Antecedentes de la construcción

Una de esas noches desveladas y retintas en casa de GT, le pregunté su opinión sobre J. Chirgo y el antimutismo. ¿Y eso con qué se come? No. Es una de las vanguardias tardías, y le expliqué tímidamente, lo mejor que pude (que en realidad es decir poco) quién era Chirgo y qué el antimutismo. Hizo una mueca y, al compás de la Danza de los sables, respondió:
     —Georges Steiner se pregunta en Tolstoi o Dotoievsky si la novela debe seguir a Tolstoi o a Dostoievsky —dijo apuntándome con el dedo como quien hace una advertencia—, y después de no sé cuántas páginas muy chingonas donde argumenta que Ana Karenina esto y los personajes tortuosos de Dostoievsky, termina diciendo ¡ni madres, Tolstoi y Dostoievsky: la épica y la tragedia! Eso es la novela, chingáos, no esas mamadas que te acabas de inventar del antisuflismo y como se llame...

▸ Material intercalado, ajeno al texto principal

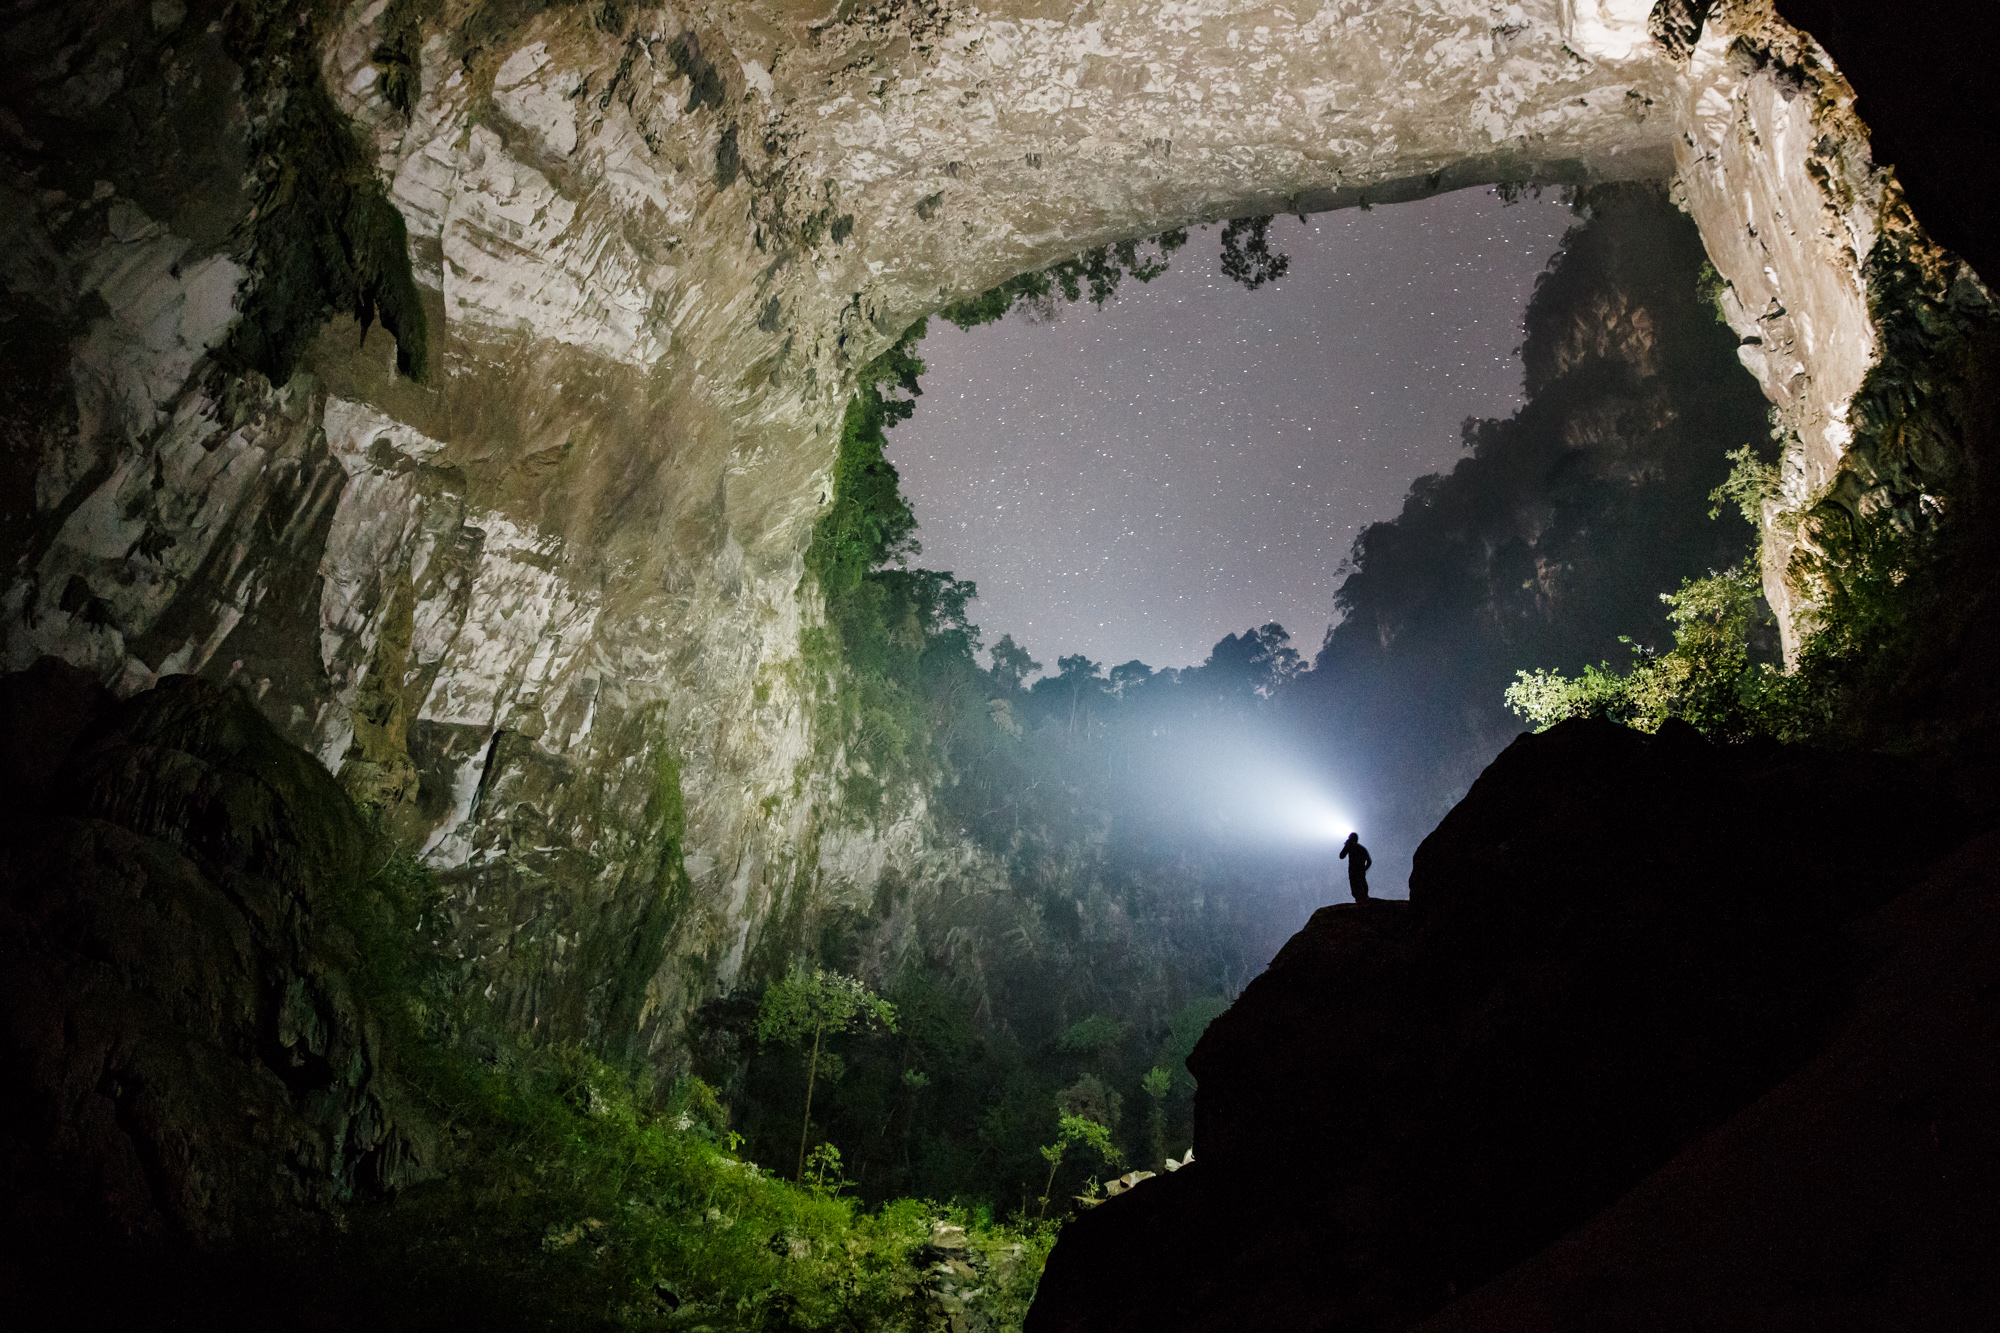 Cookson clients explore the largest cave system in the world, Son Doong.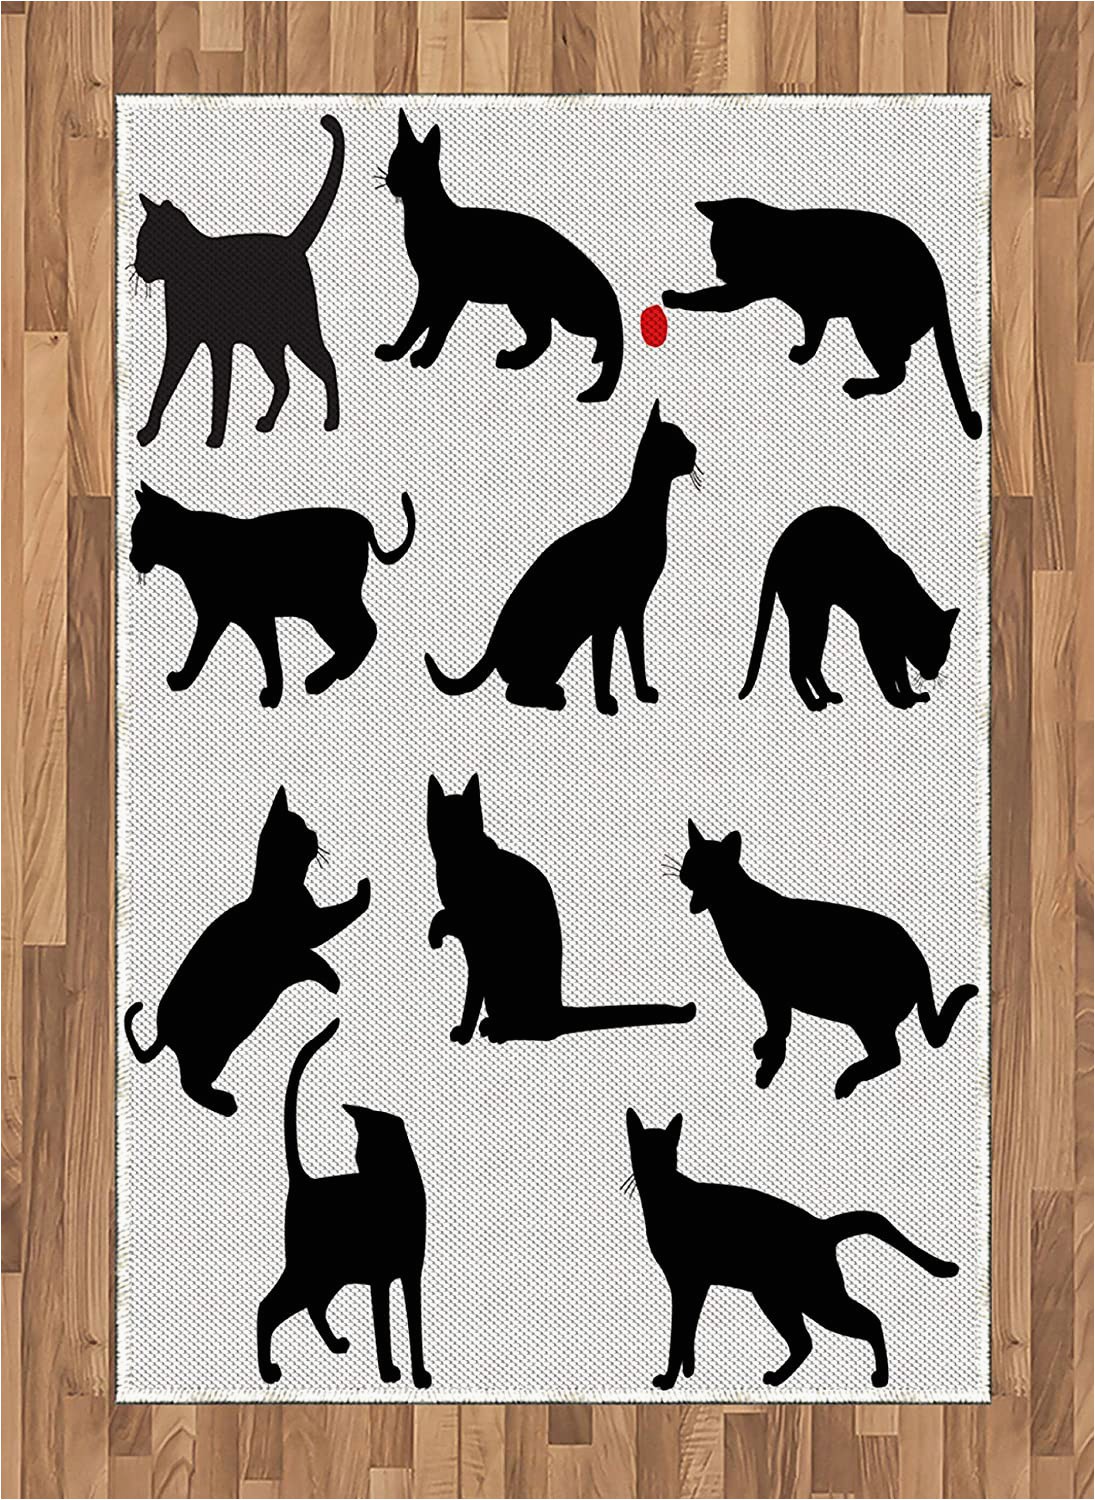 Dog Paw Print area Rugs Buy Ambesonne Cat area Rug Silhouette Of Kittens In Various

     Enseguida vinieron Lobo y Melón con “Pelotero a la bola” y se paró como resorte para lanzar desde la loma. La conversación en torno al antimutismo no volvería a reproducirse, pero cuántas veces trajo a cuento el “antisuflismo” como ejemplo de esas cosas experimentales que nunca te llevan a buen puerto, pirotecnia pura, nada más; la respuesta, en cambio, con más o menos palabras, en medio de un discurso o una invectiva contra Harold Bloom o una disertación sobre la novela, se apersonaba siempre tan contundente como entonces: Tolstoi y Dostoievsky: eso es literatura. Épica y tragedia para él, como para mí, confluían en el mismo río para trascender del territorio de la novela a la literatura con ese impulso arrasador y trepidante. Quisiera reproducir el tono apodíctico de su voz advirtiéndonos sin advertir, a Alberto y a mí, de los riesgos de esa amenaza, del peligro de escuchar el canto de las sirenas antimutistas, no cedan ante la urgencia, no cedan. Quisiera reproducir el tono de Alberto sacudiéndose la pelusa de esa sentencia lapidaria esgrimiendo a Bloom con argumentos que parecían glosas emanadas de una charla de cantina. No puedo reproducirme porque terminaba callado, ceñudo, con mi café en la mano y en la otra un Príncipe o un L&M, la vista clavada en la brasa del cigarro, pensando en lo que estaba yo escribiendo —ni Tolstoi ni Dostoievsky, definitivamente.
***
De esto que platico, hace diez o quince años. Ahora, a un año de la muerte de Solzhenitsyn, vi la entrevista que le hizo este señor francés del programa Apostrophes (que qué cosa tan inesperada, no me parecieron tan insufriblemente franceses ni el entrevistador ni la entrevista). Como el hombre de poco mundo que soy, no pude sino pensar —fija la imagen de Dostoievsky y Tolstoi en pantalla— que todos los escritores rusos son unos neuróticos. Por esos días vi en internet un video de Evtushenko, durante su segunda visita a México, declamando con todas sus seductoras dotes de histrión un poema de su ronco pecho, y no pude sino pensar, mientras escuchaba la antipoética traducción diferida, que además de neuróticos, pueden ser charlatanes. Vista la cosa desde esta perspectiva, el asunto este del deber ser literario no parece que debería ser ni tan tan ni muy muy... Pero lo es y siendo pues, la situación tan violentamente tajante, y esta la vara que elegí para medir la altura literaria de un texto, pues se comprenderá el porqué de esta bitácora.